When we start a process, a PID is generated for it, which allows us to uniquely identify it. This is done simply by incrementing the current highest PID by 1.
Let's confirm this with a simple script:
!/bin/sh -e
# Этот скрипт предполагает, что printf является встроенной функцией shell и, следовательно, не занимает лишних PID.
highest=0
for pid in /proc/[0-9]*; do
pid="${pid##*/}" # Извлекаем PID
[ "$pid" -gt "$highest" ] && highest="$pid" # -gt означет больше, чем ("greater than")
done
printf "Найбольший PID равен %d\n" "$highest"
for _ in $(seq 4); do
printf "Запущен новый процесс с PID %d\n" "$(readlink /proc/self)"
done
First we calculated the current largest PID in the system. Then we started four processes readlinkeach of which displayed the new PID assigned to it.
Let's take a look at the output of the script:
Наибольший PID - 10522
Запущен новый процесс с PID 10524
Запущен новый процесс с PID 10525
Запущен новый процесс с PID 10526
Запущен новый процесс с PID 10527
We can notice that there is a gap of 1 PID between checking the highest PID and printing the new PIDs, since the command itself seq itself starts another additional process. Therefore, External processes affect such tests because the processes themselves create new PIDs.
Can PIDs run out?
In the previous section we discussed the maximum PID value in the system, so what happens when we reach this limit?
If we reach the maximum PID value, then the search for the next PID starts again from the minimum value and continues until a free one is found.
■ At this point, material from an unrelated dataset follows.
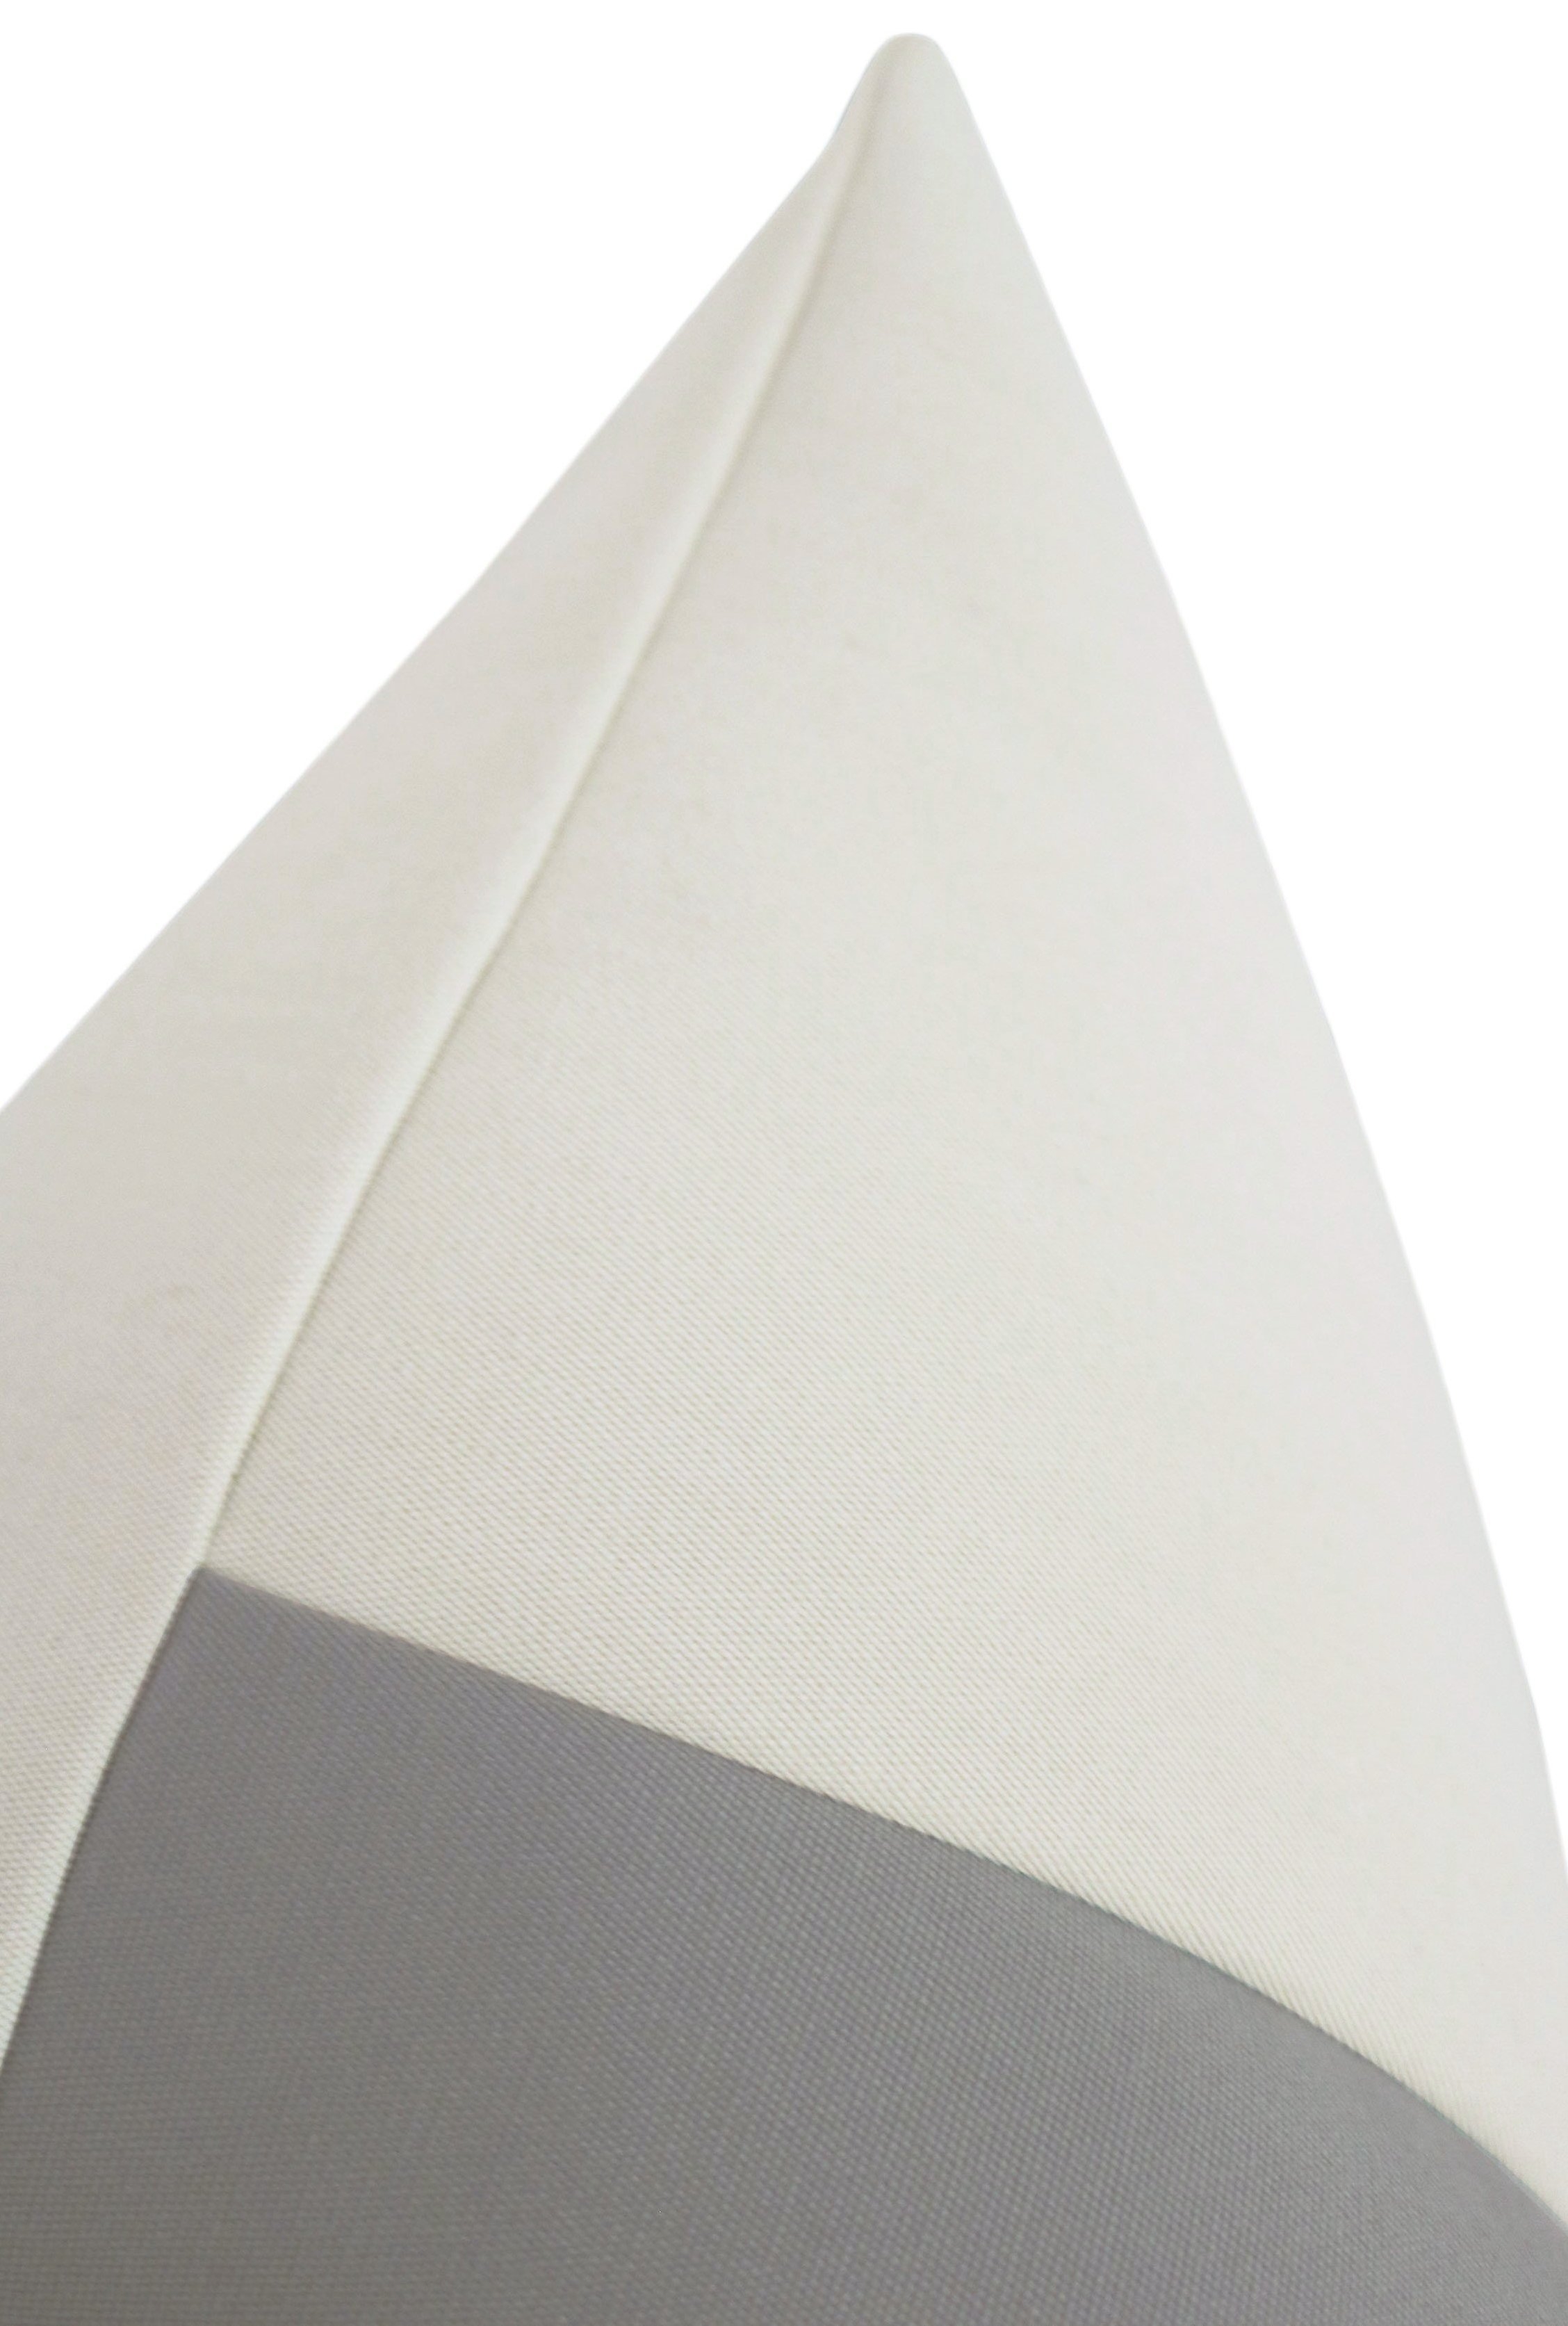 Outdoor Panel // Linen & Dove Grey - 18" X 18" - Image 3

A PID belonging to a process that has already terminated.
It should be noted that the process is considered “completed” only if its completion status has been received by its parent. Thus, the malware can exhaust the available PIDs in the system.
Conclusion
In this article, we learned about process IDs in Linux – how they are generated, how high they can go, and what happens when the limit is reached.